La ruptura de la interdependencia. Para mí la respuesta es sencilla de dar y compleja de modificar: la desigualdad es un problema porque amenaza la pertenencia a una comunidad en la que unas y otras personas se necesitan para salir adelante. La desigualdad afecta la interdependencia de aquellas personas que hasta hace un rato formaban parte de un “todo” social. Es cierto que antes éramos más pobres, ¡y mucho! sí, aunque mucho más iguales. Lejos de ser el mundo ideal, ese era un mundo de más reciprocidad.
La desigualdad y más aún, su rápido aumento, rompe equilibrios y reciprocidades. En el lugar de la interdependencia crecen antagonismos nutridos por la ira de quienes cada vez tienen menos y el miedo de los que cada vez tienen más.
Los muros alquilados. Lamentablemente no todos pierden. Si así fuera, la desigualdad sería menos difícil de combatir. Ante el miedo de uno y la ira de muchos, ganan quienes ofrecen condominios cinco estrellas, colegios con cámaras digitales, seguridad, armas y barrios amurallados. Y por supuesto, ganan también quienes ofrecen promesas sin más sustento que la esperanza: los vendedores de “oro por cuentas de vidrio”.
Y, tranquilizadora pero provisoriamente, ganan quienes reemplazan la interdependencia de ayer por muros reales y simbólicos que les protejan de la ira ajena y el miedo propio de hoy.
Claro que por este camino, la pérdida de la reciprocidad pública nos encontrará, exhaustos y faltos de solidaridad, tratando, sin éxito, de escondernos en muros alquilados, cada vez más pequeños, a cada vez un mayor precio.
Juliana MartÃnez Franzoni | 19 de Abril 2006


6 Comentarios
Es un enfoque brillante, principalmente, porque parte de una visión sistémica.

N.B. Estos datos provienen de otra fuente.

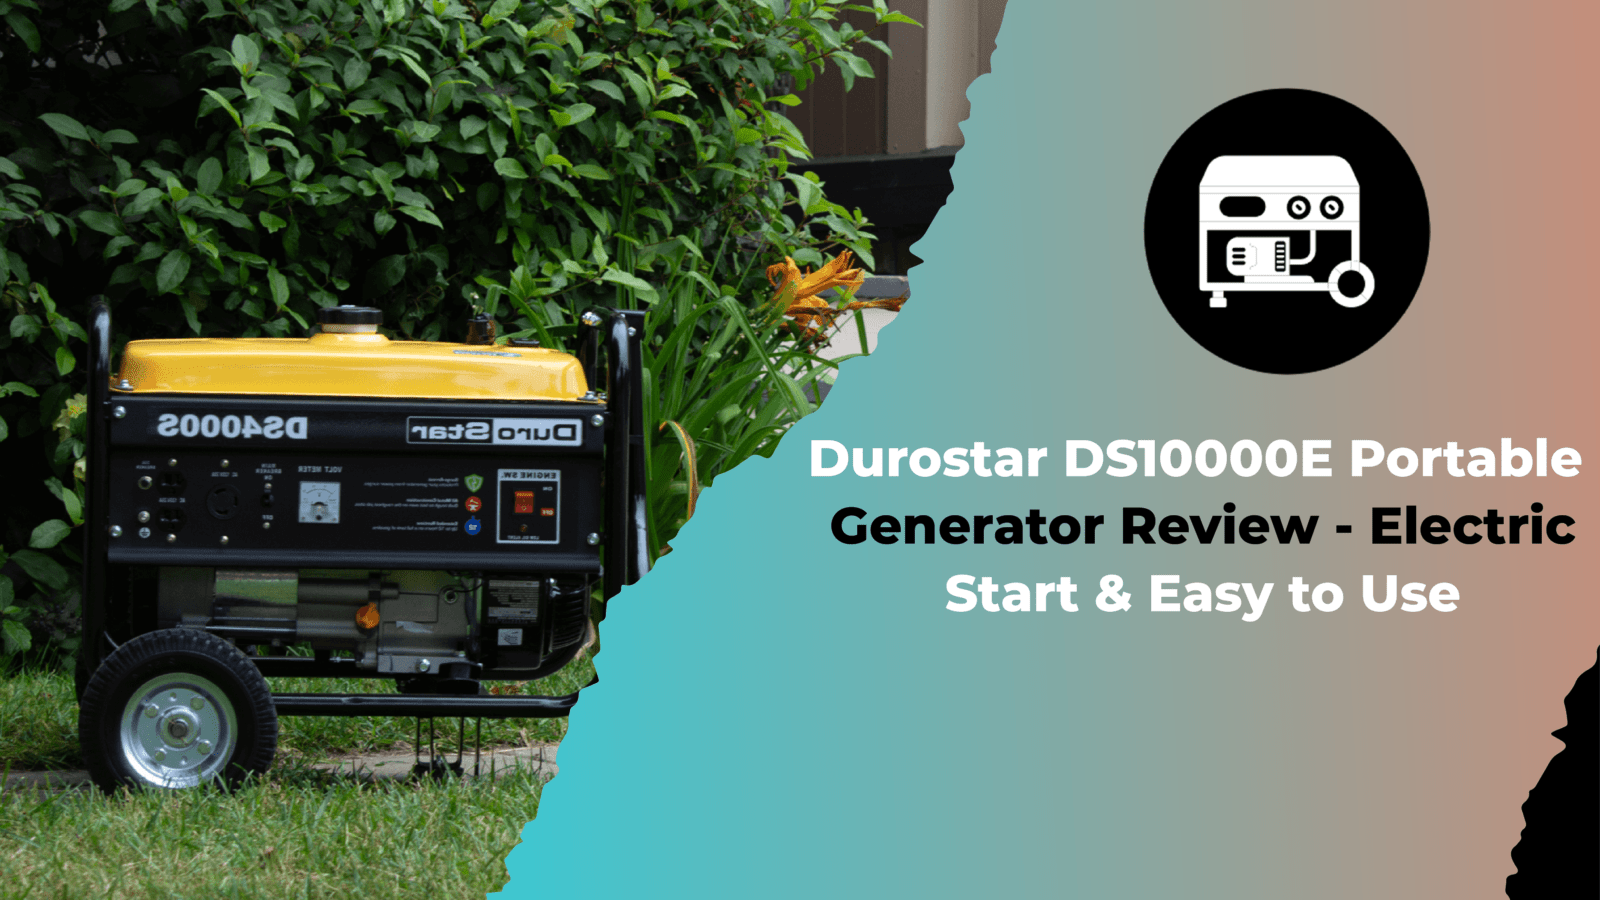 Durostar DS10000E Portable Generator Review - Electric Start & Easy to Use

La desigualdad es un grave problema porque involucra un aprendizaje sistémico. En los estratos altos donde se acumula más, se genera una tendencia que rompe todos los equilibrios.La desigualdad se refuerza a si misma y salta del consumo opulento y los negocios a la necesidad de más poder para acceder a más negocios. Luego el sistema político se pone al servicio de esos intereses.

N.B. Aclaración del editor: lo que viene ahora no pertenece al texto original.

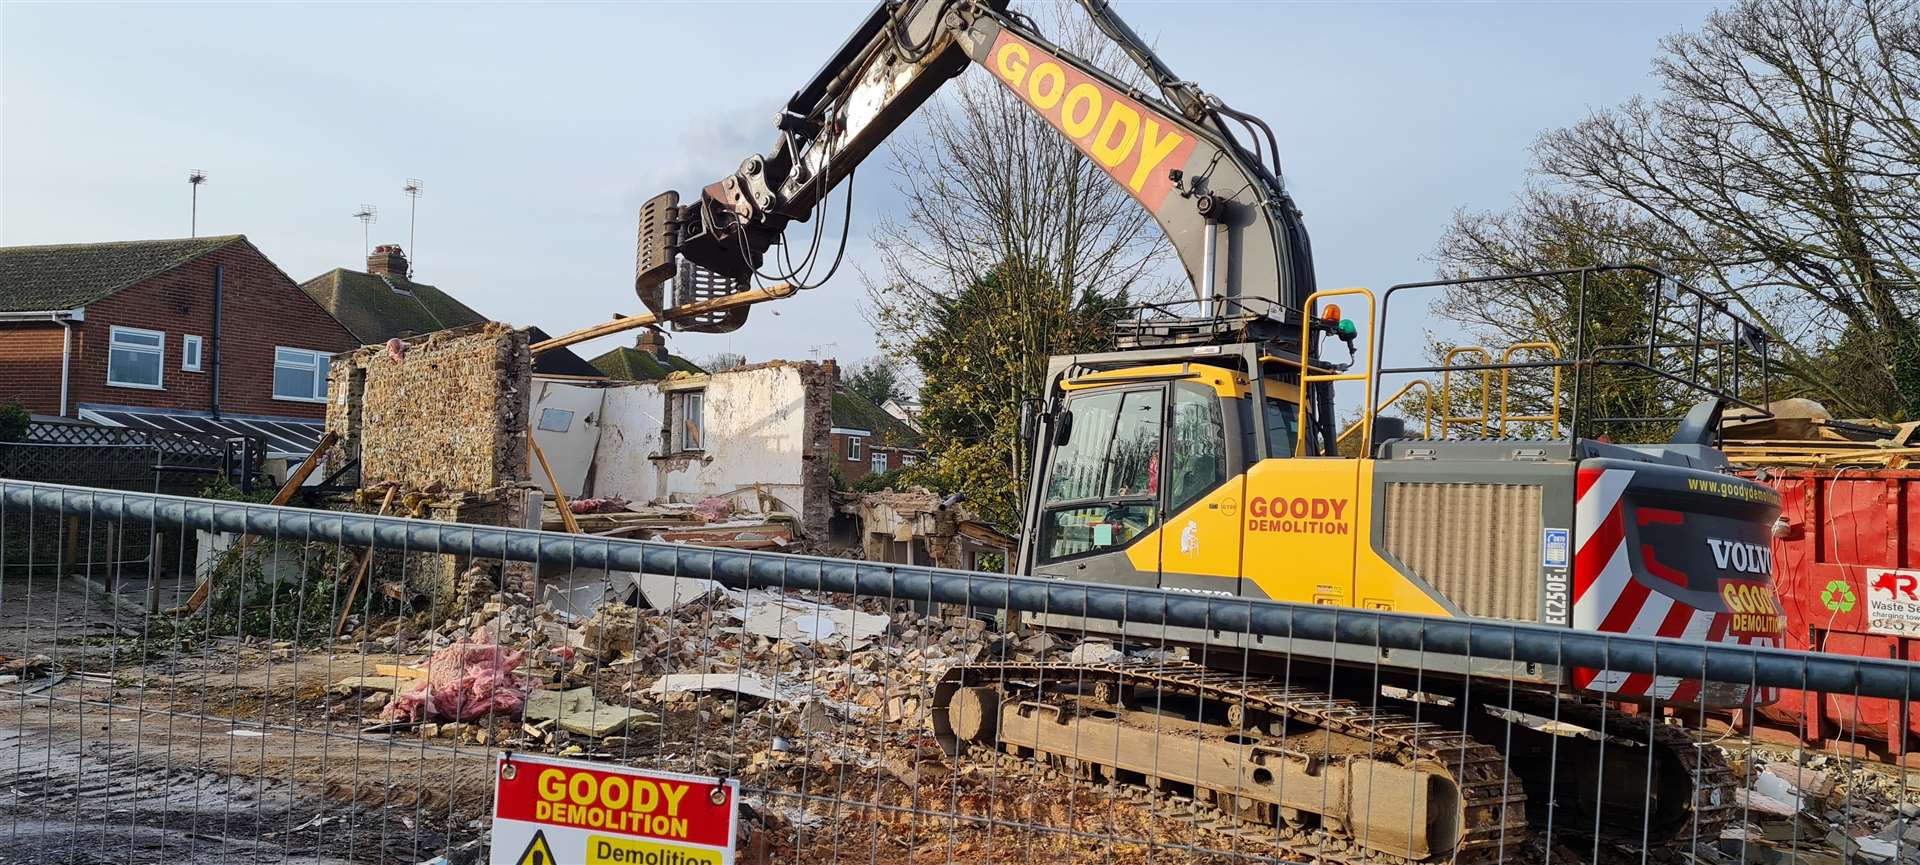 The Orb pub in Margate has been demolished

Entre otros problemas importantes, ese estado de cosas hace que el sistema sea éticamente inviable y por lo tanto no creible.
Me parece que la idea de la interdependencia como núcleo del modo de vida democrático es interesante y debe elaborarse más, en particular en el contexto de la relación supervivencia-convivencia.
Bienvenida, querida Juliana, a Tribuna Democrática. La claridad de tu pensamiento encuentra un nuevo foro, desde el cual contribuir al crecimiento de esta corriente que busca elaborar alternativas democráticas, frente a este capitalismo voraz e inhumano de los TLC’s y las liberalizaciones.
Muy acertado el artículo, le he repartido en las listas en las que participo, debemos hacer conciencia de la trágica realidad de hoy. La claridad de la exposición merece un reconocimiento sincero.
Estimada Juliana, que placer escuchar tu pensamiento ahora por escrito. Me recordò, tu artículo, un poco la forma de pensar de mi querido profesor de radio Daniel Viglietti, Te felicito y nos vemos en la Radio.
La desigualdad en esta sociedad es parte intrinseca de la democracia, esta esta formulada para que exista y se reproduzca. No se porque cuesta tanto verlo, si es evidente. La estructura misma de la democracia, con sus leyes, sus mecanismos de representacion, su sistema de reproduccion educativa, todo, es para simplemente reproducir una sociedad desigual. Si hay dos casos como Uruguay y Cuba es porque son excepciones, el resto de america latina y el mundo esta literalmente comiendo m…. Hay que ver la democracia no solo a escala local, nacional, sino a escala mundial. O acaso no es evidente la desigualdad entre naciones democraticas en este mundo? De que sirve que hayan unas pocas naciones democraticas equitativas si el resto estan en la miseria. El planteo debe ser de lo global a lo local, el sistema esta podrido desde lo global, y se reproduce en lo local. Buen articulo, pero no vamos a resolver nada con la democracia y las leyes, las constituciones, que solo favorecen a unos pocos, y siguen el mandato global democratico.
Refresca mucho leer por aquí a Juliana. Me parece una voz muy seria digna de escuchar con atención.